On the level of form, Booth has developed a technique of erasure, where he removes paint to dislocate the anatomy of his sitters – heads swim away from necks, eyes from faces, etc. He also paints sheer, two-dimensional surfaces onto the figures, so that the naturalism of their musculature is interrupted by impossible planes. This strategy of erasure and interruption is sometimes accomplished with materials applied directly on to the canvass, like strips of masking tape. This strategy, it should be clear by now, is not done in the service of an austere minimalism (like Louis le Brocquy), but with disjunction in mind: elements coming together, clashing, resonating with one another. However, this tension is not for the sake of pure heterogeneity. Booth’s remark about Close signals his interest in recombination and unification: take for instance the repeated motif of the double eye. In several works that are dissimilar in other respects, the figures are given two eyes on one side of their face; an eye that either sits below the original, or that recedes horizontally away from the face. When tracked across the breadth of the exhibit, the doubled eye takes on a symbolic charge – what it represents, we don’t know, but the sense is that it does represent something, and that the meaning is carried and shared among each of its iterations. To my mind, the doubled eye has (pleasingly) two functions: it refers back to the mechanistic aesthetic mentioned earlier, insofar as it acts like a visual stutter, or accidental time-lapse, produced by a malfunctioning technology; and it also has wider spiritual connotations in the sense that the doubled eye is not a second eye, but properly speaking a ‘third eye’, and the concept of the third eye is rife throughout esoteric mysticisms where it is relevant as a portal to a higher plane of consciousness.
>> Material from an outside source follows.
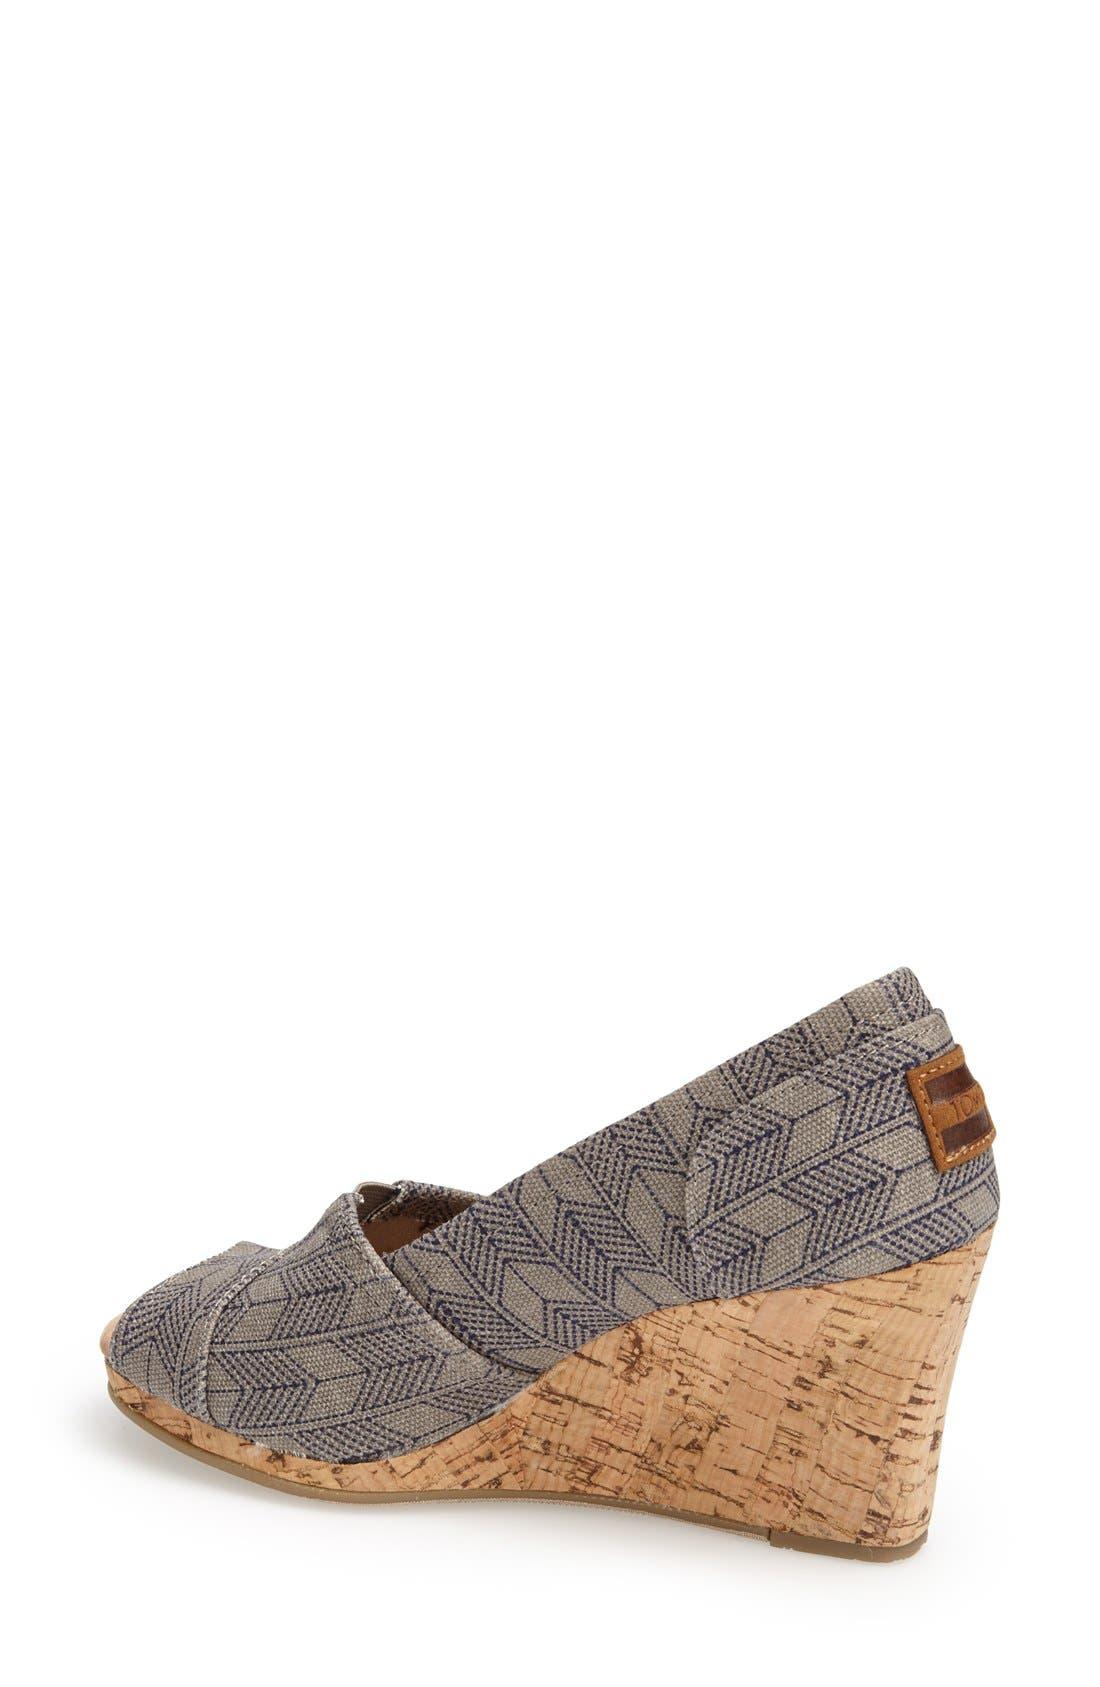 Alternate Image 2  - TOMS 'Classic - Shashiko' Woven Wedge Sandal (Women)
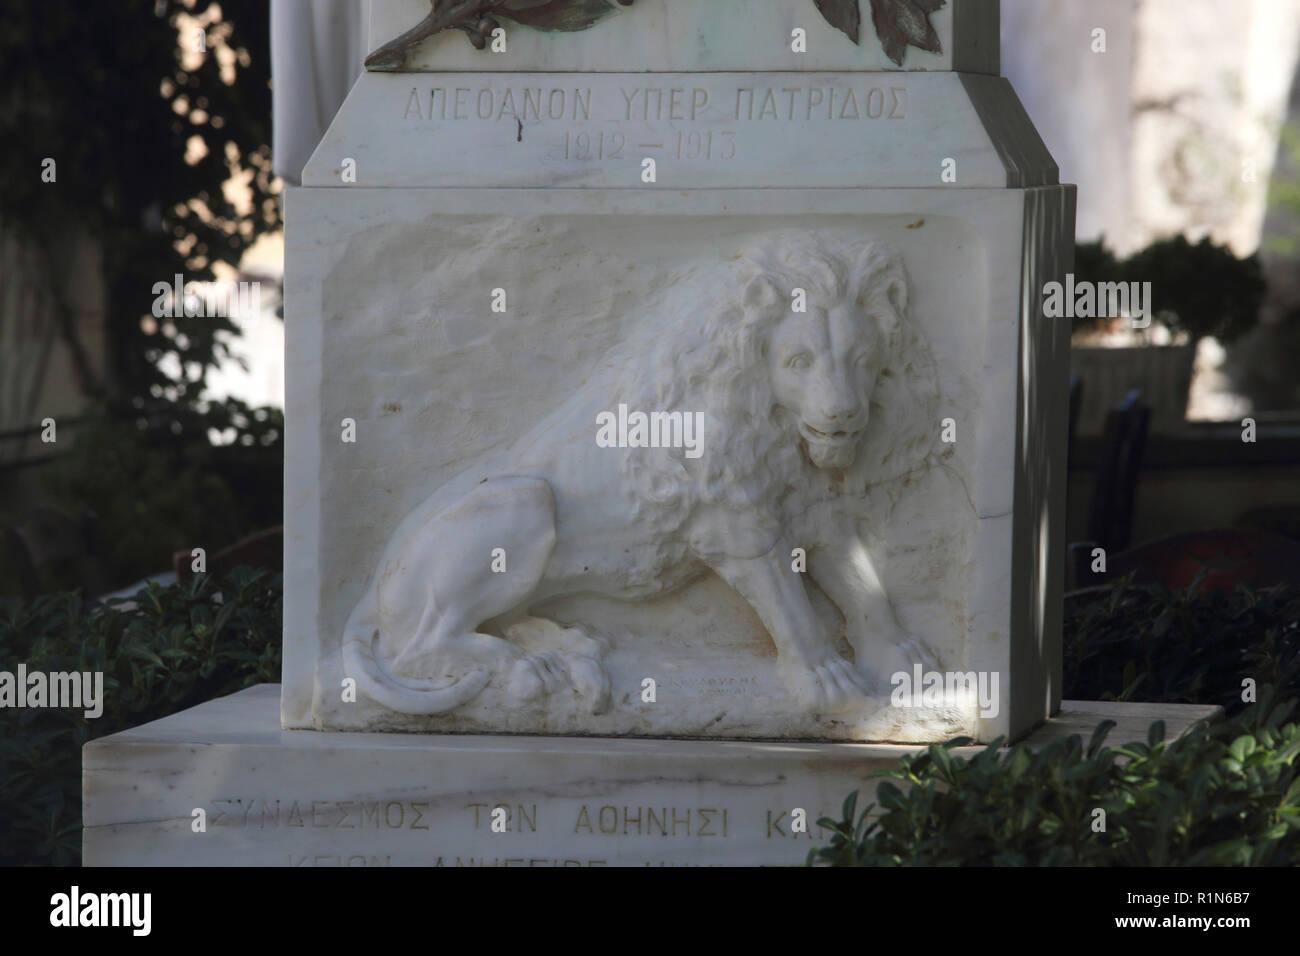 Kea Island Greece Ioulidha Monument to The First Balkan War 1912- 1913 - Stock Image

My thought about the doubled eye is my own – I’m not sure if it will be something that strikes anyone else (or if it is a trite observation, made by everyone), but Booth is clearly interested in the possibility of weaving a unifying narrative of human experience into his work. During our conversation, he mentions the importance of visiting the Glyptothek, Munich’s oldest museum, which houses a large collection of ancient Greek and Roman sculptures. “The museum spells out a linear timeline of sculpture from its earliest manifestations, by understanding how sculptors saw and represented the figure, how they represented the human. Instead of representing individual people, ancient Greek sculptures were more like reflections of humanity itself. So, in the museum you get to see how humanity reflects itself through an evolutionary timeline of sculptural styles, and I found that really interesting on a conceptual level. I feel like it has gone on to inspire my work a lot, like an undercurrent, or base tone to what I am trying to accomplish. The portrait, even though it is about a specific person, has a collective quality that reflects us all.”
Words: Tom Lordan
David Booth’s Polybond runs at Hang Tough Contemporary, Exchequer Street, from Thursday October 21 to Sunday November 7.